Wanneer de resultaten van de analyses van een monster niet voldoen aan de emissienormen die vastliggen in de besluiten genomen ter uitvoering van het decreet van 11 maart 1999 betreffende de milieuvergunning, wordt de exploitant van het systeem erom verzocht orde op zaken te stellen en binnen zes maanden, te rekenen van de datum van de eerste monsterneming, het bewijs te leveren dat de resultaten aan de normen voldoen na een gelijkvormige analyse die voor zijn rekening is uitgevoerd door een laboratorium erkend overeenkomstig artikel D.147 van Boek I van het Milieuwetboek om officiële analyses uit te voeren inzake de bescherming van het oppervlaktewater tegen verontreininging, alsook inzake de bescherming en de exploitatie van het grondwater en van het tot drinkwater verwerkbare water.
De exploitant van het individuele zuiveringssysteem geeft het Departement Leefmilieu en Water van het Operationele Directoraat-generaal Landbouw, Natuurlijke Hulpbronnen en Leefmilieu minstens vijf werkdagen op voorhand kennis van de datum en van het uur van de monsterneming zodat het een vertegenwoordiger kan afvaardigen indien het zulks nodig acht.
Art. R. 306. De kosten i.v.m. de controlehandelingen bedoeld in artikel R. 304, § 1, 1°, worden gedragen door de installateur van het individuele zuiveringssysteem.
De kosten i.v.m. de controlehandelingen bedoeld in artikel R. 304, § 1, 2° en 3, worden gedragen door de begroting van het Waalse Gewest.

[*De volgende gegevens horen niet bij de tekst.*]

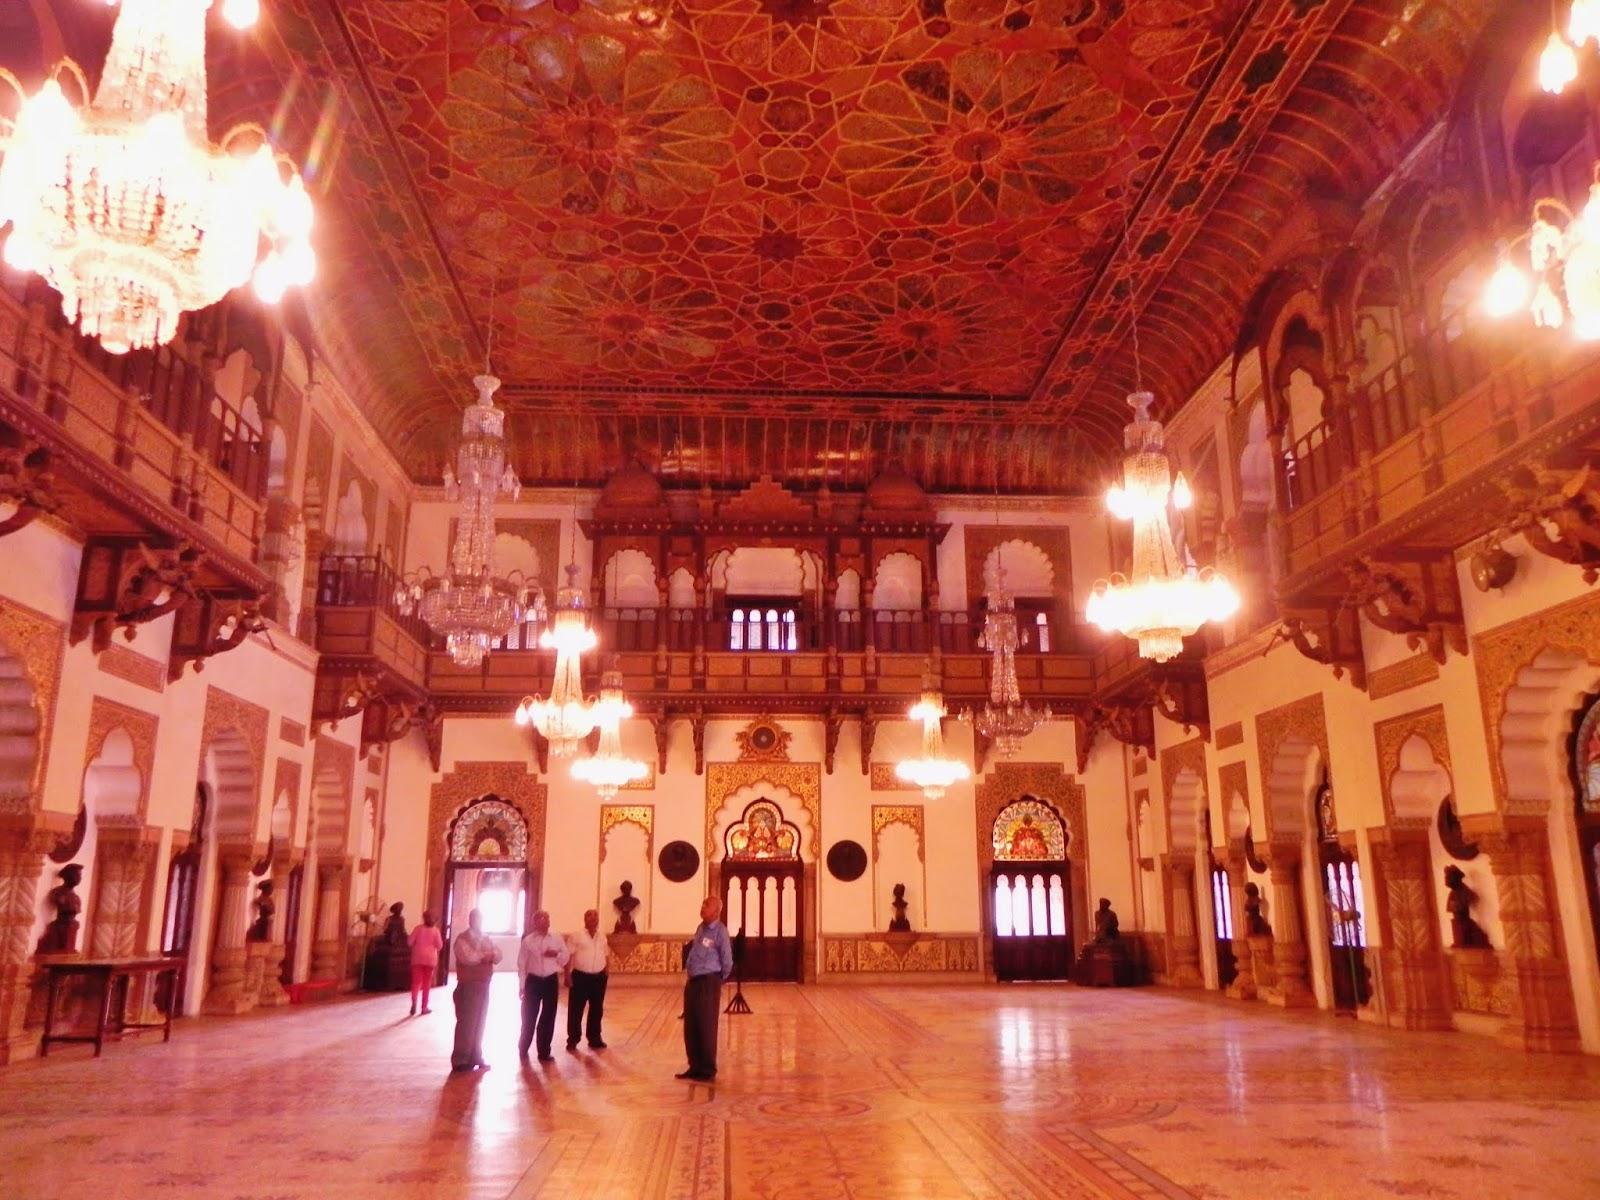 Dabar_Hall_of_Laxmi_Vilas_Palace,_Baroda

Indien een controlehandeling bedoeld in art. R. 304 § 1, 1°, niet tot een goed einde gebracht kan worden om een reden die toe te schrijven is aan de bij de controle betrokken persoon, worden de verplaatsingskosten i.v.m. het vergeefse bezoek hem aangerekend door het bevoegde saneringsorgaan dat met de controle belast is.

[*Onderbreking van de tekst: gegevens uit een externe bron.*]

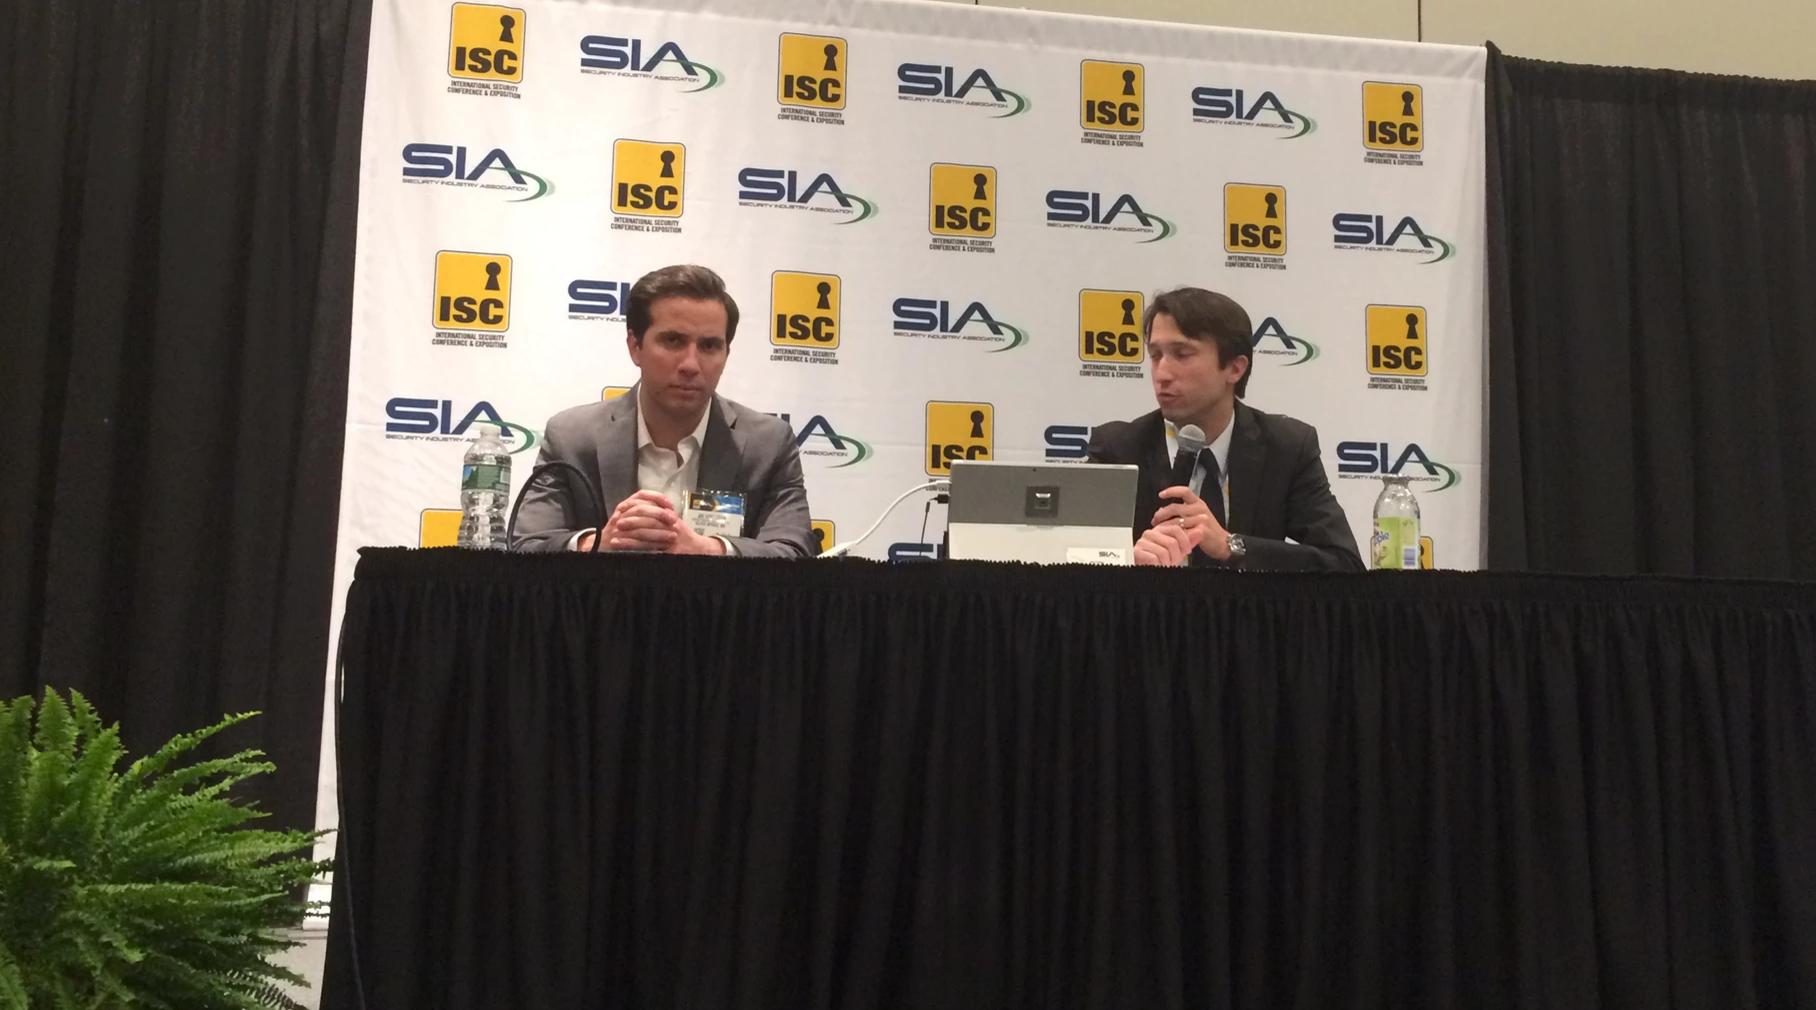 Joseph Hoellerer, left, and Jake Parker of the Security Industry Association speak at ISC East.

Het bedrag van de kosten i.v.m. de controle bedoeld in artikel R. 304, § 1, 1°, wordt door de Minister vastgelegd.
Art. R. 307. Onverminderd de bepalingen van artikel R. 305, § 1, worden de personeelsleden van de administratie die het bewijs kunnen leveren van een technische vaardigheid inzake zuivering en die daartoe aangewezen zijn door de inspecteur-generaal van het Departement Leefmilieu en Water van het Operationele Directoraat-generaal Landbouw, Natuurlijke Hulpbronnen en Leefmilieu op verzoek van het bevoegde saneringsorgaan eveneens gemachtigd tot de uitvoering van de controlehandelingen bedoeld in artikel R. 304, § 1, 1°."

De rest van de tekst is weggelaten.